# Gaps between dywall and carpet on stairs



## joecaption (Nov 30, 2011)

Without a picture it's anyone guess.


----------



## Mills314 (Mar 21, 2011)




----------



## joecaption (Nov 30, 2011)

Is this in a basement with a concrete wall behind the sheetrock?
Thanks for the picture but your standing to close.
I'm trying to figure out why there was no skirt and the drywall was not run down behind skirt and stair treads.


----------



## Mills314 (Mar 21, 2011)

No concrete. The stringers are secured to the walls of the stairwell. Then the sheetrock was put in after the treads. 

Yeah, awesome job. 

I know, whatever I do isn't going to be the 100% solution. But I would like to do something that conceals it and looks nice as well.


----------



## joecaption (Nov 30, 2011)

Unless that whole thing is redone so the stringer is held off the wall with a 2 X 4 behind it to space it out for a skirt and the rock to go behind it I see no pretty way to fix that mess.
Someone else may come up with an idea.


----------



## BigJim (Sep 2, 2008)

It is hard to tell from the pictures could you make a couple of shots of the stairs over all?
If you want to install a skirt board here is a link that will show you an easy way to do it.
http://www.diychatroom.com/f14/stairway-skirt-board-template-easy-42845/


----------



## chrisBC (Dec 28, 2010)

Skirting boards

Or maybe even some quarter round would do the trick, not sure if i've ever seen that done with carpet, but might work..


----------



## Mills314 (Mar 21, 2011)

Your basically saying, create a 90 degree on the riser, and taking it out the tread as well and finishing it off with a bevel?


----------



## chrisBC (Dec 28, 2010)

For quarter round? Yes, I think I am thinking the same thing.. depends on what you have for a nosing..

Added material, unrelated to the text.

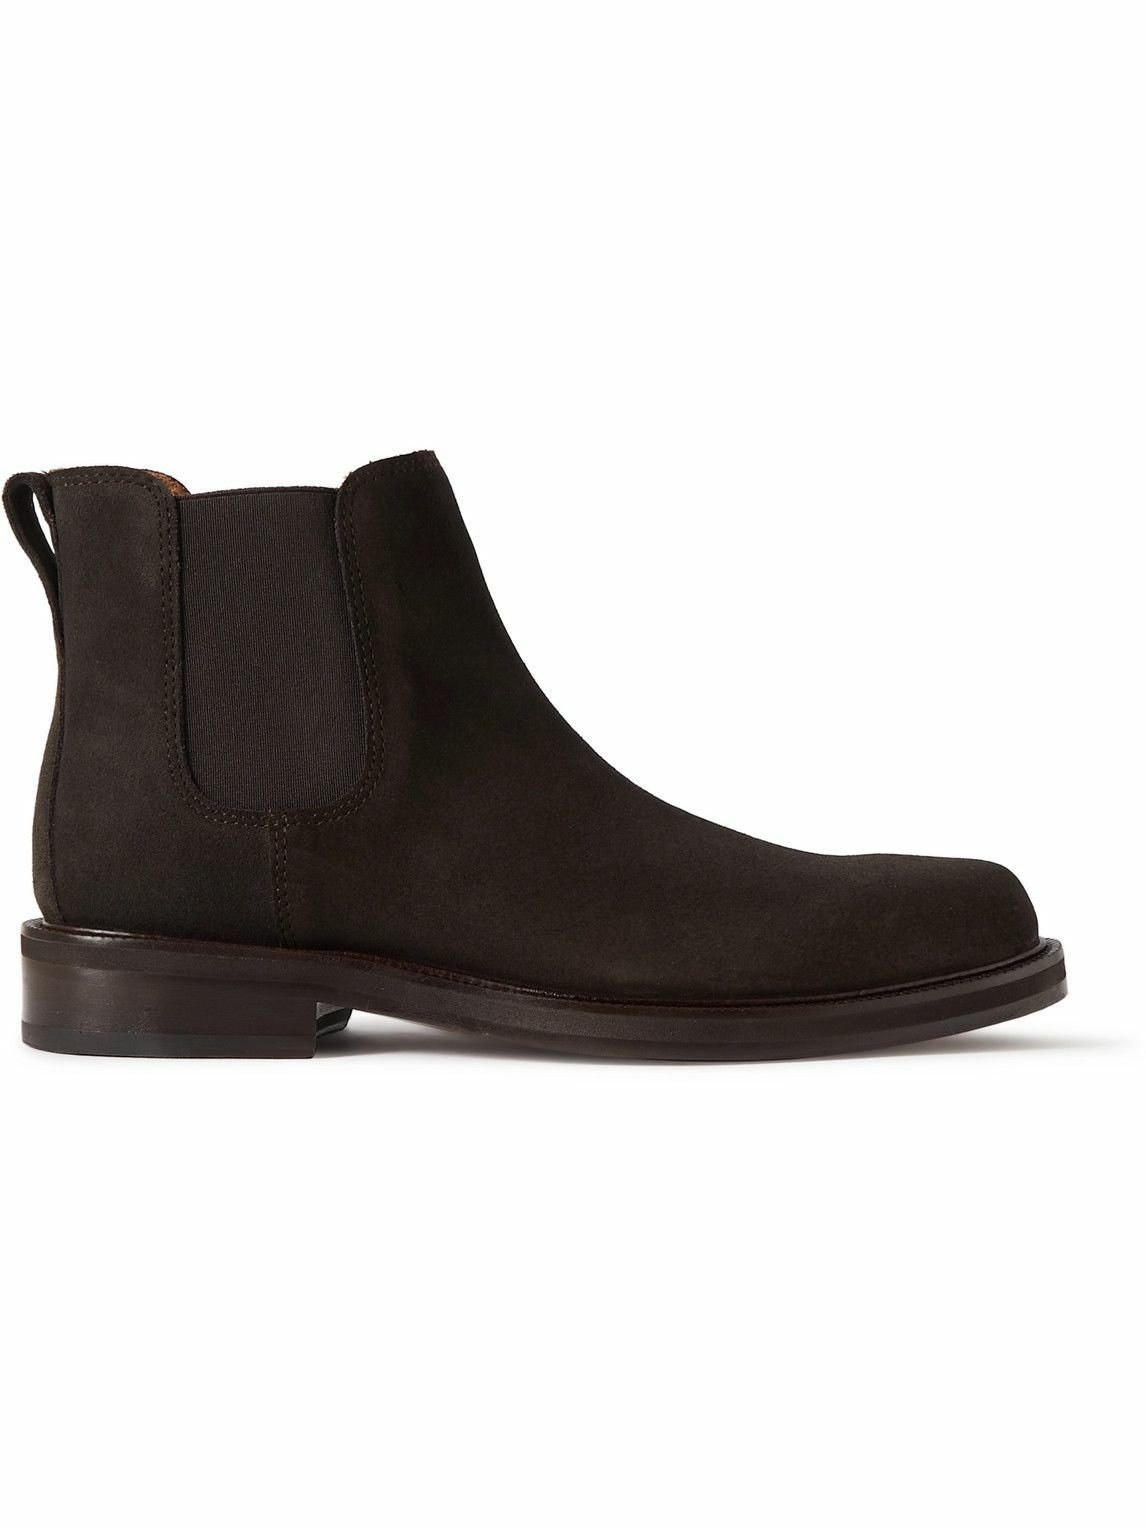 Mr P. - Olie Suede Chelsea Boots - Brown Mr P.
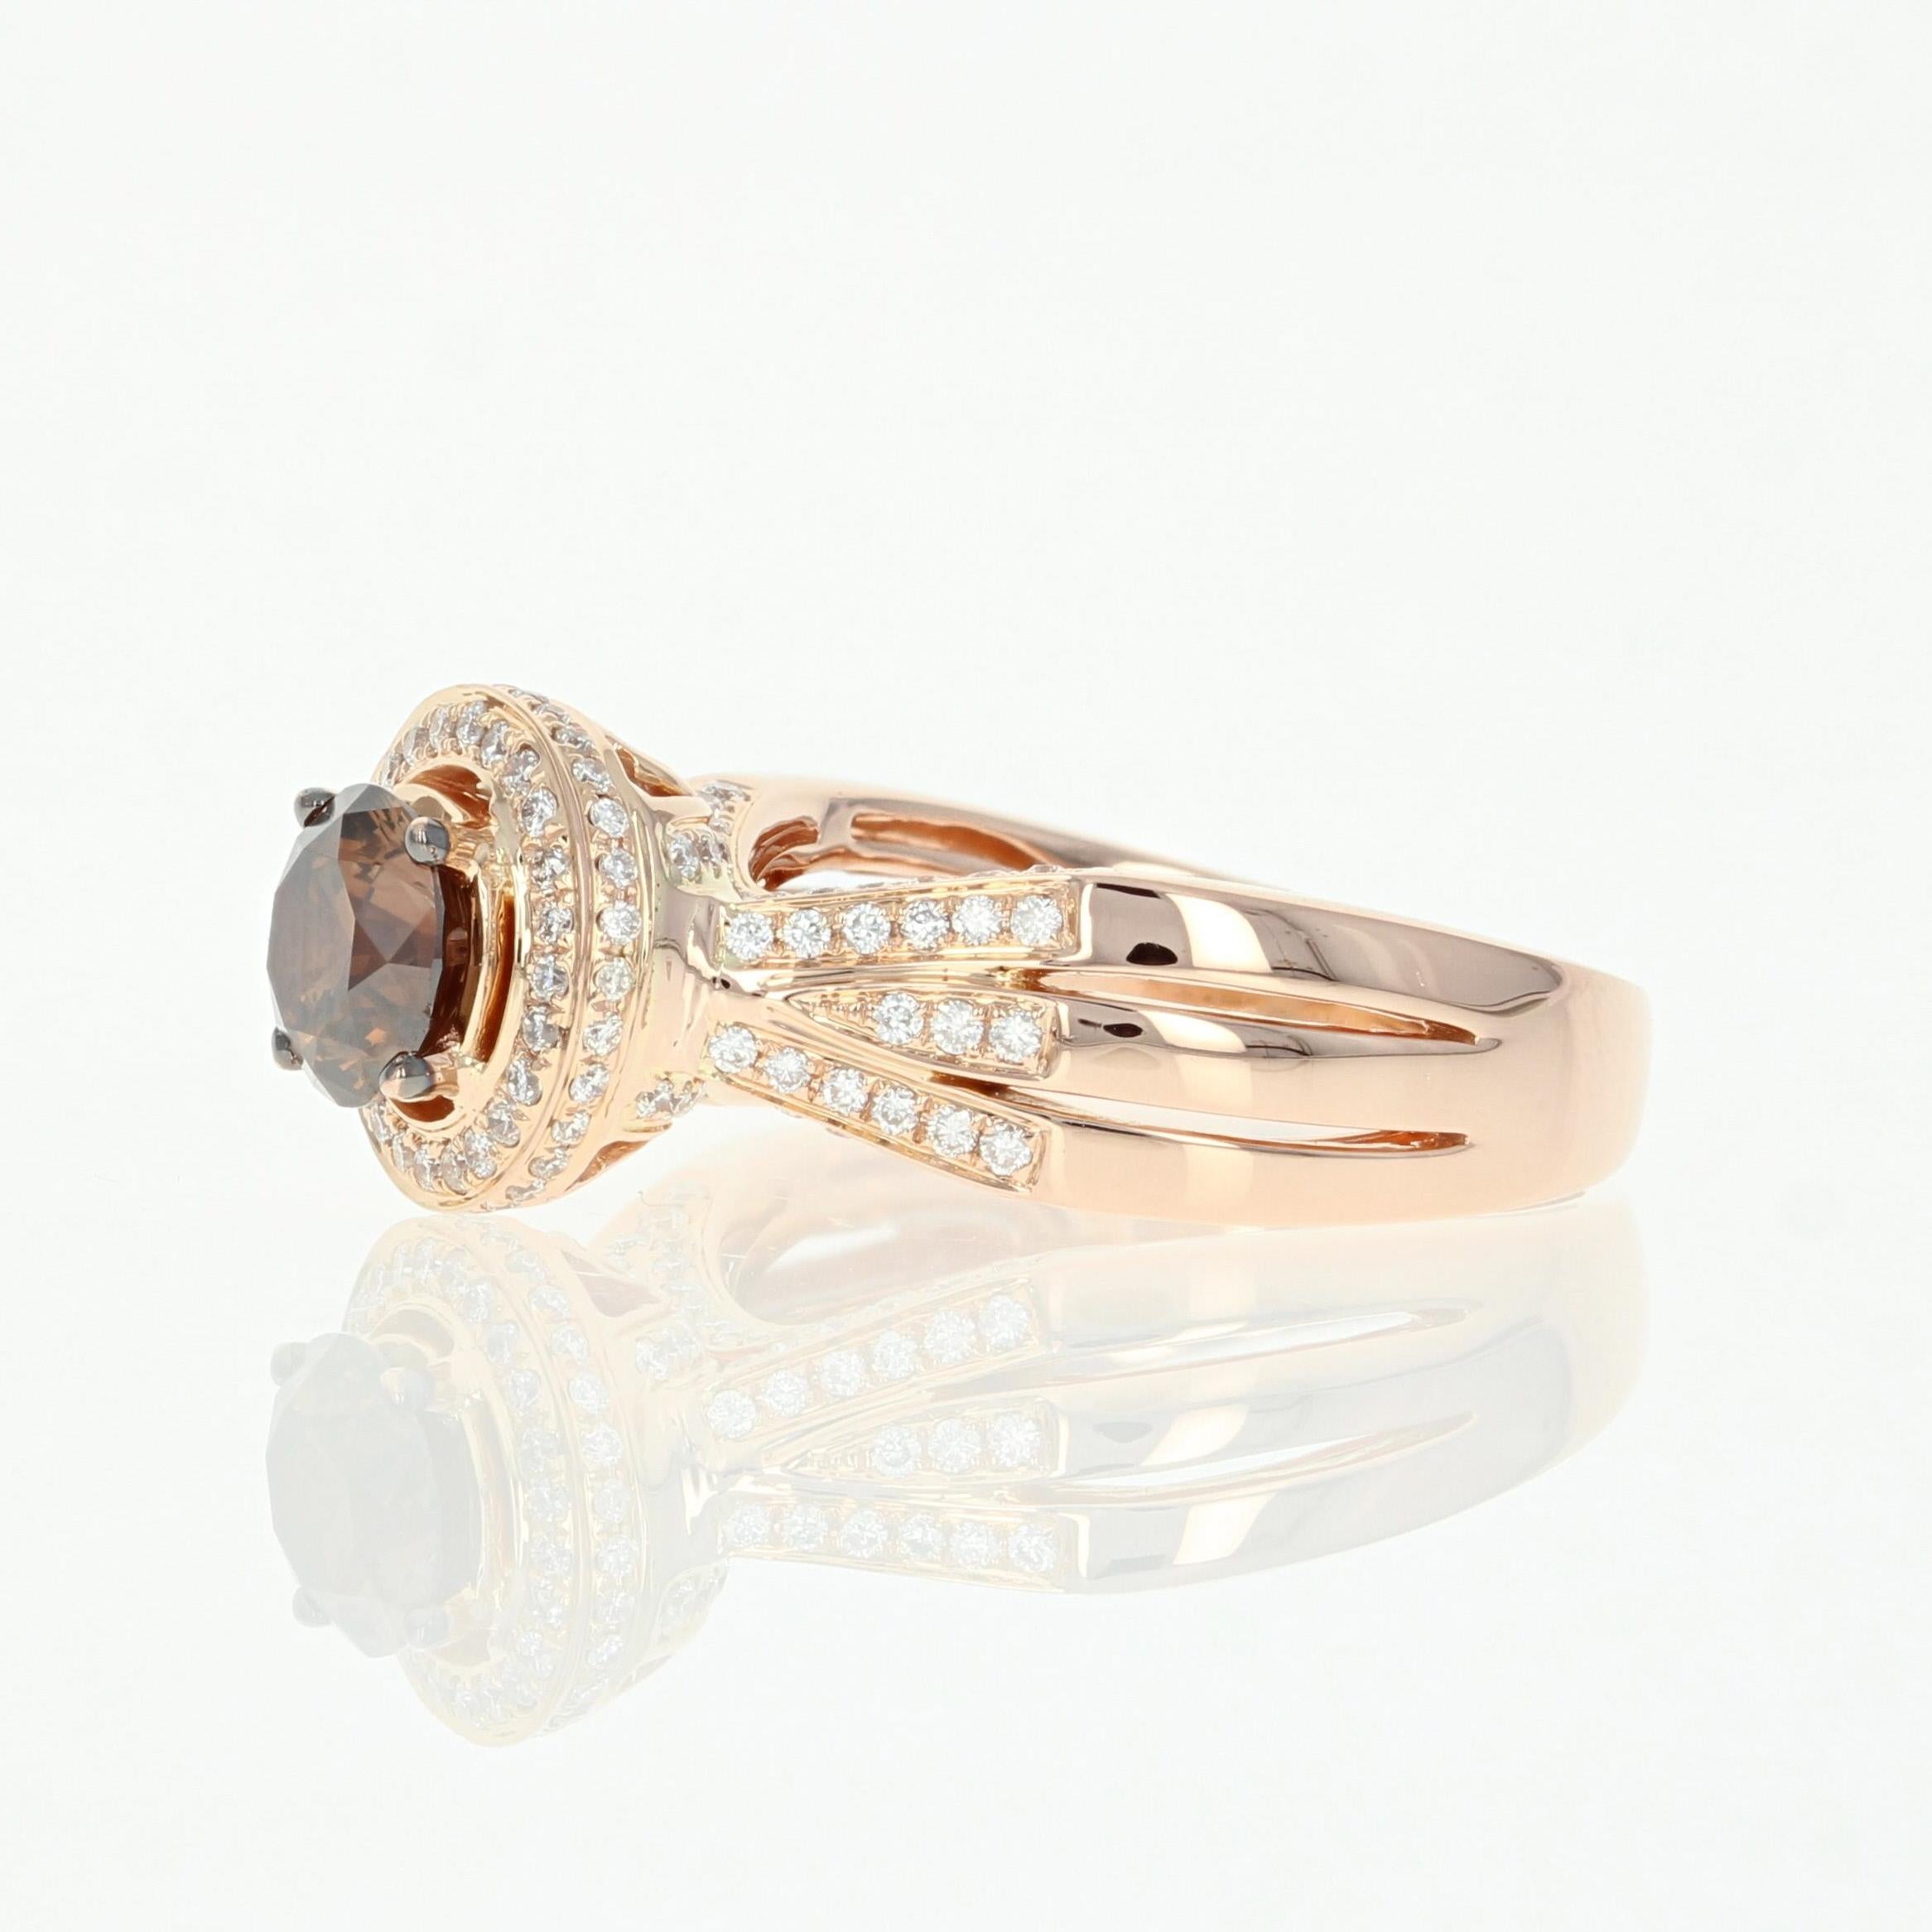 Treat yourself to the well-deserved gift of Le Vian jewelry! Crafted in 18k rose gold, this designer ring showcases a decadent chocolate brown diamond solitaire encircled by a shimmering white diamond halo. Even more radiant diamond accents grace

I would just try a few pieces and see what works and looks the best.


----------



## mae-ling (Dec 9, 2011)

Picture a little further away would be good if possible.
If it s as I think then what I have done is use some flat moulding. 1.5" and 1/2" thick and put it on the wall cutting all the angles and all the pieces, a little tedious but it looked good when done.


----------



## Mills314 (Mar 21, 2011)

I'm willing to put in the tedious work as I have no choice. Do you have an example of the molding and a picture of the finished product by chance?

Just to clarify, your talking about putting the molding between the riser and drywall, then cutting at a 45 degree angle and taking it straight out between the tread and the drywall? Almost like an L on each side if each step?


----------



## mae-ling (Dec 9, 2011)

Not my work but similar to what I did. And everything will not be 45degree cuts! It looks like you could use smaller moulding. Do your treads have a nosing?


----------



## Mills314 (Mar 21, 2011)

Just a standard rounded nosing, maybe 3/4 of an inch. I'm guessing just notching that out on each step?


----------



## mae-ling (Dec 9, 2011)

Yep, notch the verticle trim piece.


----------



## Mills314 (Mar 21, 2011)

mae-ling said:


> Yep, notch the verticle trim piece.


Thanks. I have some additional work to do on the stairs in regards to some molding and trim first. I will knock that out, then look into this at a later date once everything else is done.

The problem will be that I have a long trim cluster running horizontally to the stairs to cover up the fact that the builder screwed up the framing on the basement and 1st floor. (basically, there is a 1 inch difference between the basement wall, and 1st floor wall in the stairwell. 

Nice.


----------